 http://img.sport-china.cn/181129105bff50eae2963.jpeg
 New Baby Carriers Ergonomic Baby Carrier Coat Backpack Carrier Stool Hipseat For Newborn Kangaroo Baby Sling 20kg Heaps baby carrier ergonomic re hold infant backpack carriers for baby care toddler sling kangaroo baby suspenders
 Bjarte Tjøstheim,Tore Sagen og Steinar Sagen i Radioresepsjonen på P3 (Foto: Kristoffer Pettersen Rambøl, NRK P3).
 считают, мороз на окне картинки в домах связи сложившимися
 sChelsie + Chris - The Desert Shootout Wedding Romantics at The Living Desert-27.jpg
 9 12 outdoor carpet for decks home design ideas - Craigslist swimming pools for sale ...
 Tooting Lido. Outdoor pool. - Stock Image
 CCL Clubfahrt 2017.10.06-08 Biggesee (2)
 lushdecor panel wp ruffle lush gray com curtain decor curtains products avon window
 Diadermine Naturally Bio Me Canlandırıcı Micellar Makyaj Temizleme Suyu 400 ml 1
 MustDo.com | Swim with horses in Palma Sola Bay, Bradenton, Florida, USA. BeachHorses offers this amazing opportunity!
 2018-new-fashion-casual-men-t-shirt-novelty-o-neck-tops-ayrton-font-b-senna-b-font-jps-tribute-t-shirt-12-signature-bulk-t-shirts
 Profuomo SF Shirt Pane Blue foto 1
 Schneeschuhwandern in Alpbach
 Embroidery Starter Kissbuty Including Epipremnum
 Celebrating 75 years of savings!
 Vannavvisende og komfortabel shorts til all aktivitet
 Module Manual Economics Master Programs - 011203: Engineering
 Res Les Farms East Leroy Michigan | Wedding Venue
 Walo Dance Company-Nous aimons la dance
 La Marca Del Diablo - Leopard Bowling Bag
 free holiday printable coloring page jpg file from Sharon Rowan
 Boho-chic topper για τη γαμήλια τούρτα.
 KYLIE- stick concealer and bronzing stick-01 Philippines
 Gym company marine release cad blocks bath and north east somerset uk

**TASK:**
I would like you to report every line in the listing above that contains "Wedding".

**REPLY:**
 sChelsie + Chris - The Desert Shootout Wedding Romantics at The Living Desert-27.jpg
 Res Les Farms East Leroy Michigan | Wedding Venue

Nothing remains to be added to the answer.